To my knowledge, you'd use `apt-get dist-upgrade` (without install, that's used to add new software, or to update specific packages) to upgrade to a new Ubuntu version (e. g., from 17.04 to 17.10). To just get the latest version of all software installed for the current version, use `apt-get upgrade` (this includes new kernel versions and user-land software). Before either, use `apt-get update` to update your local package index. In general, several repositories are used in parallel (I know this can work with `pkg` too, but is often discouraged). These repos are kept in sources.list. This can be edited manually, or using `apt-add-repository`, which can also be used to remove a repo.
If you really want to start building things from source, I think you need to look at the `dpkg` layer below apt.

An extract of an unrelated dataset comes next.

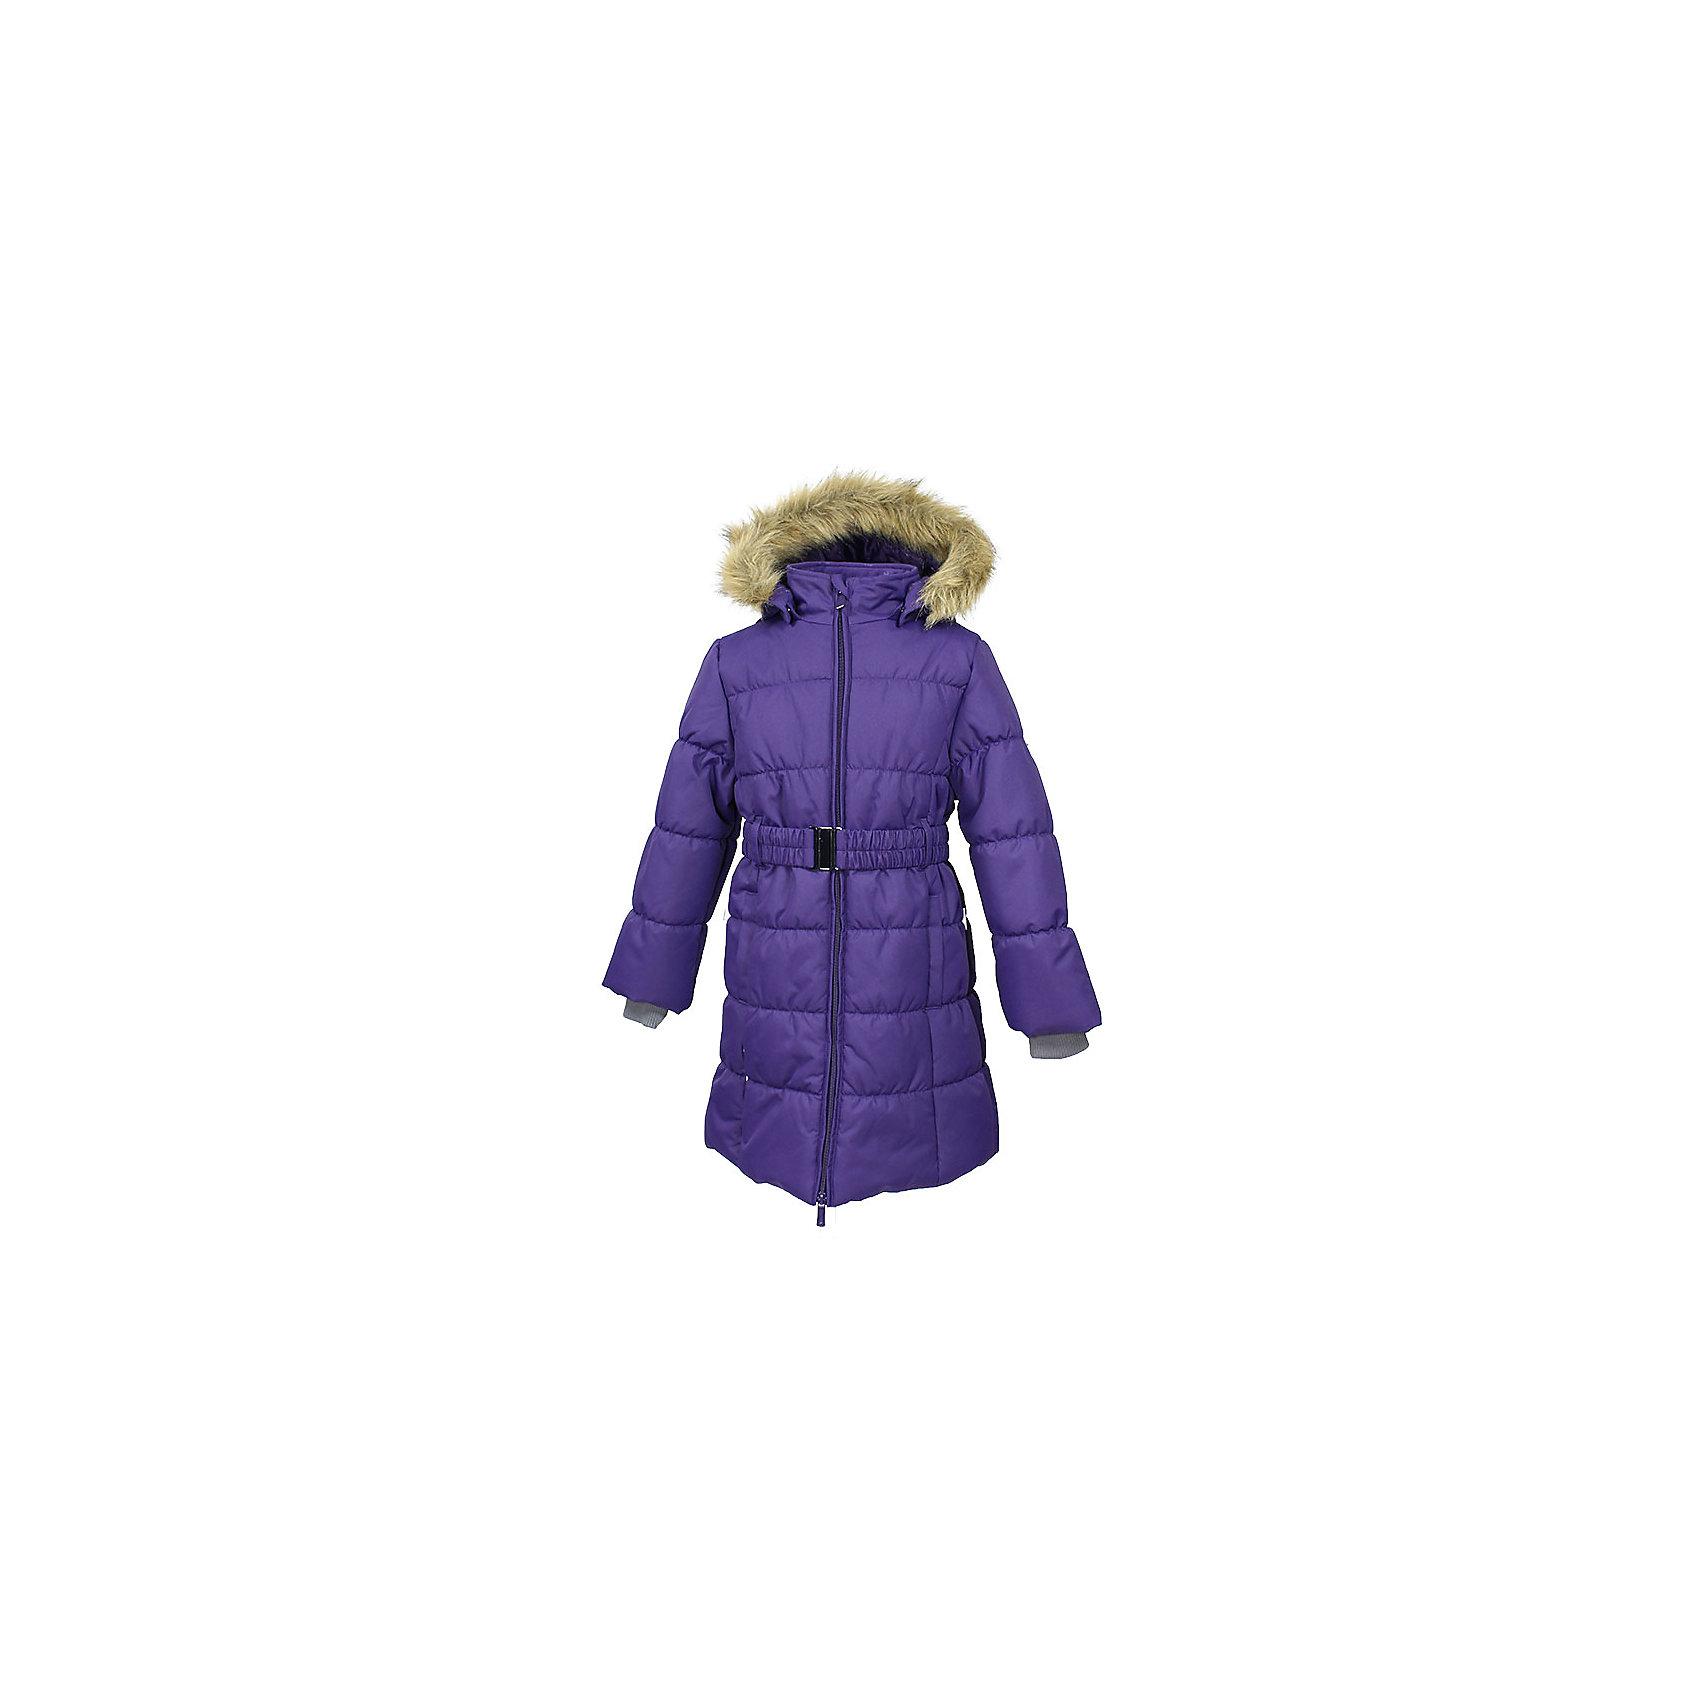 Пальто YACARANDA Huppa для девочкиВерхняя одежда<br>Куртка для девочек YACARANDA.Водо и воздухонепроницаемость 10 000. Утеплитель 300 гр. Подкладка тафта, флис 100% полиэстер. Отстегивающийся капюшон с мехом. Внутренний манжет рукава.Вязаные детали.Двухсторонняя молния. Имеются светоотражательные детали.<br>Состав:<br>100% Полиэстер<br><br>Ширина мм: 356<br>Глубина мм: 10<br>Высота мм: 245<br>Вес г: 519<br>Цвет: лиловый<br>Возраст от месяцев: 48<br>Возраст до месяцев: 60<br>Пол: Женский<br>Возраст: Детский<br>Размер: 158,164,170,104,110,116,122,128,134,140,146,152<br>SKU: 7027414
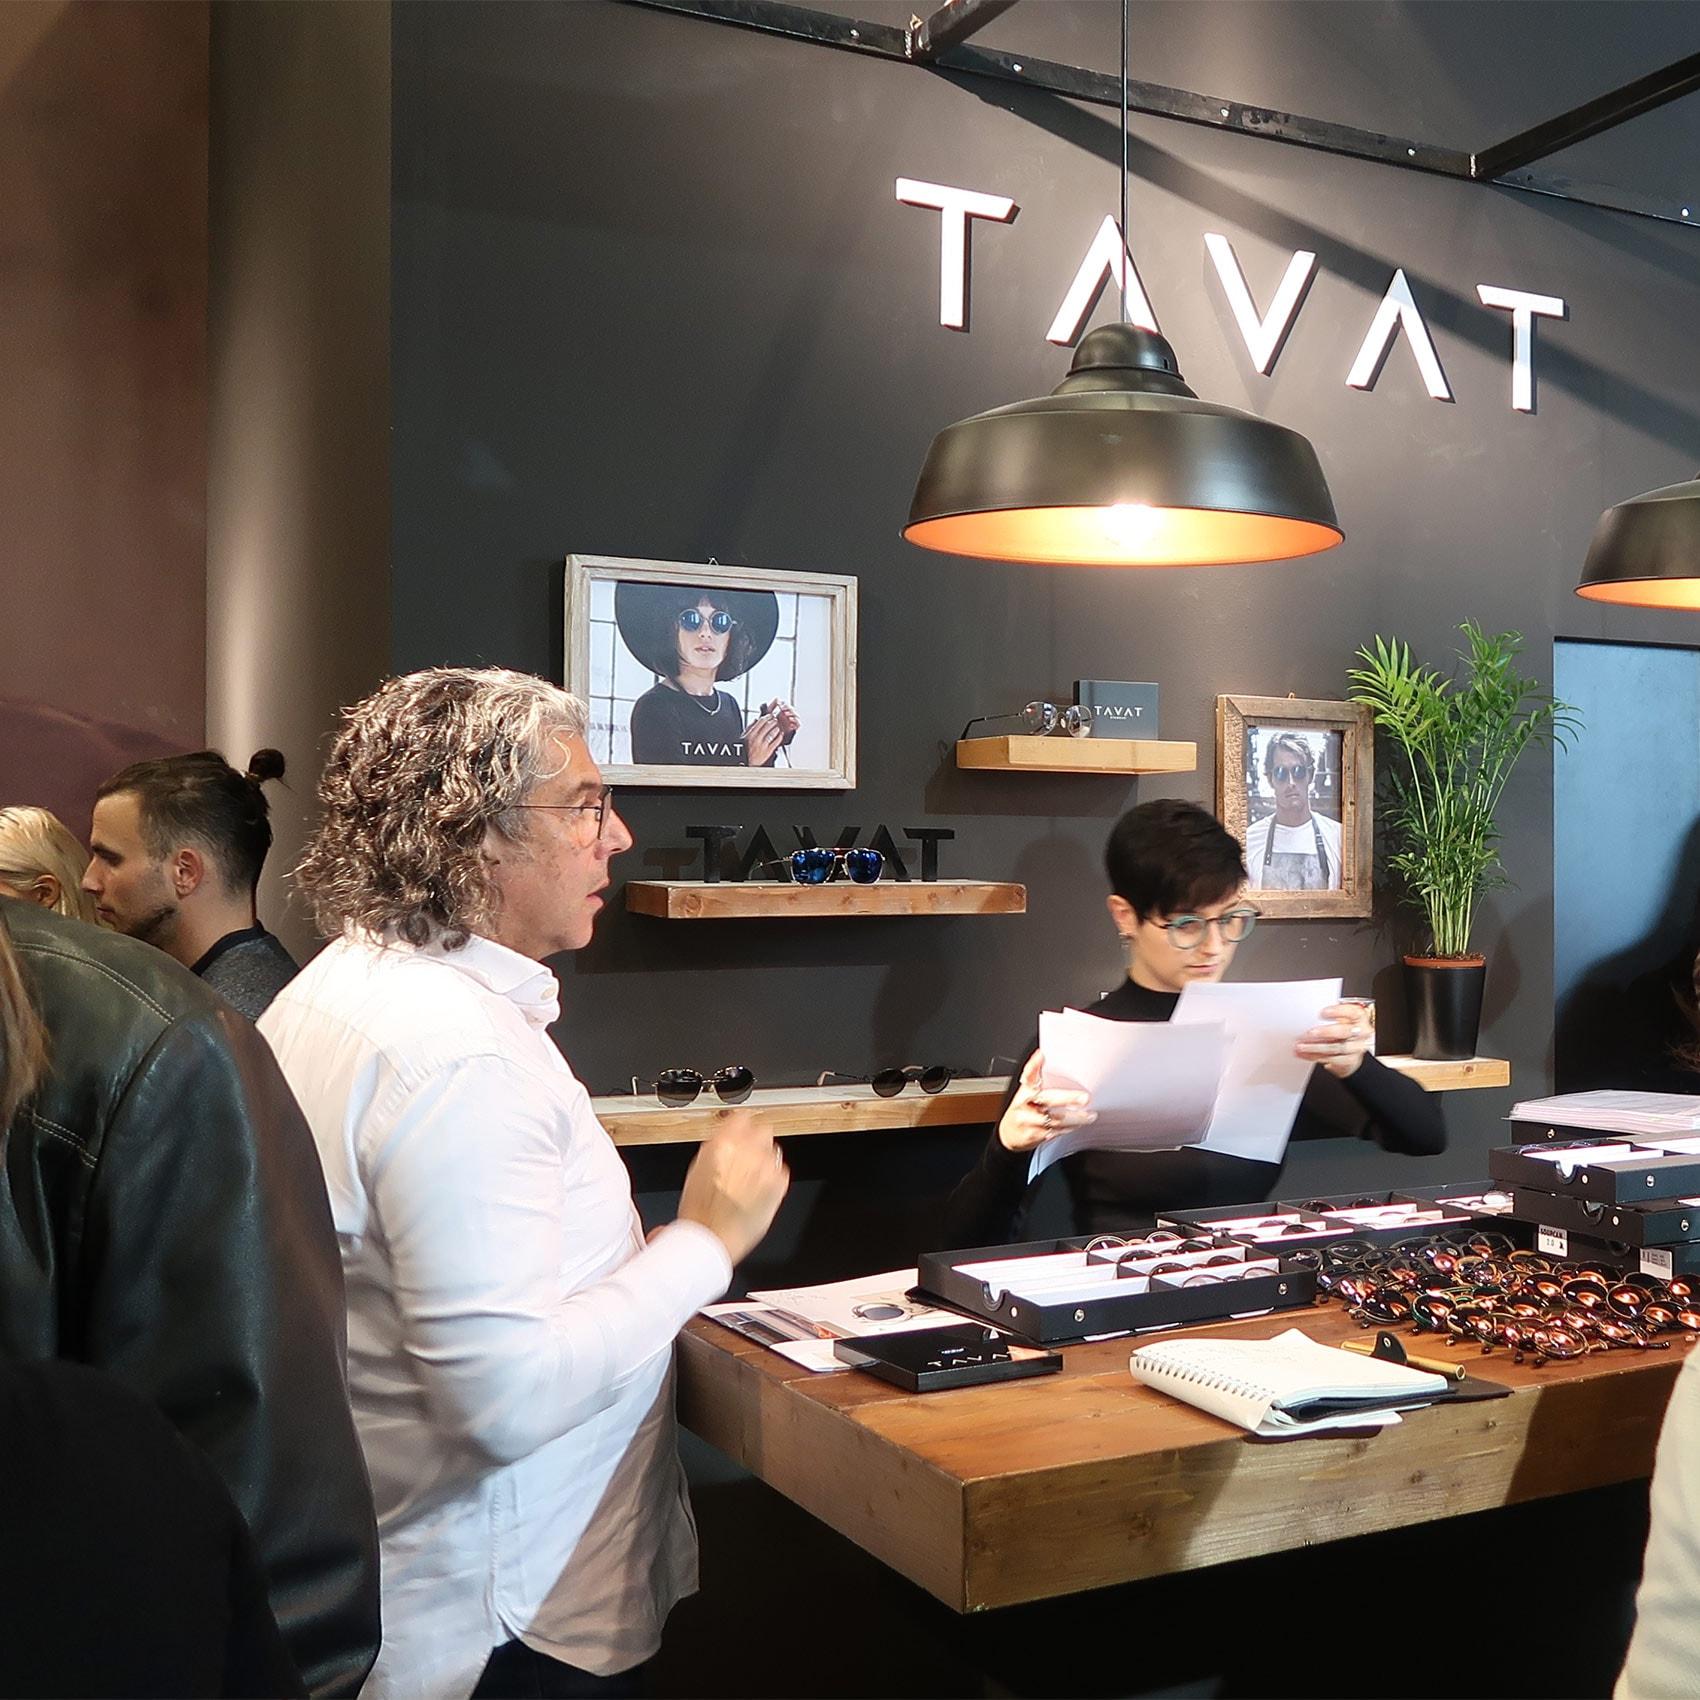 171028-tavat_01

I don't think this is done commonly, though.


----------



## scottro (Jan 5, 2018)

I see on an ancient fluxbox page of mine, at http://srobb.net/fluxbox.html, I have a step by step of how to build from source on Debian. I don't know if it's still accurate, it's from the early 2000's.   If you feel like testing it, look for the section about the rootmenu patch in Debian, or just search for Debian on the page, it's the second mention.


----------



## SirDice (Jan 5, 2018)

It looks like you have enough pointers now. 

Rule #7: FreeBSD Forums Rules

Thread closed.


----------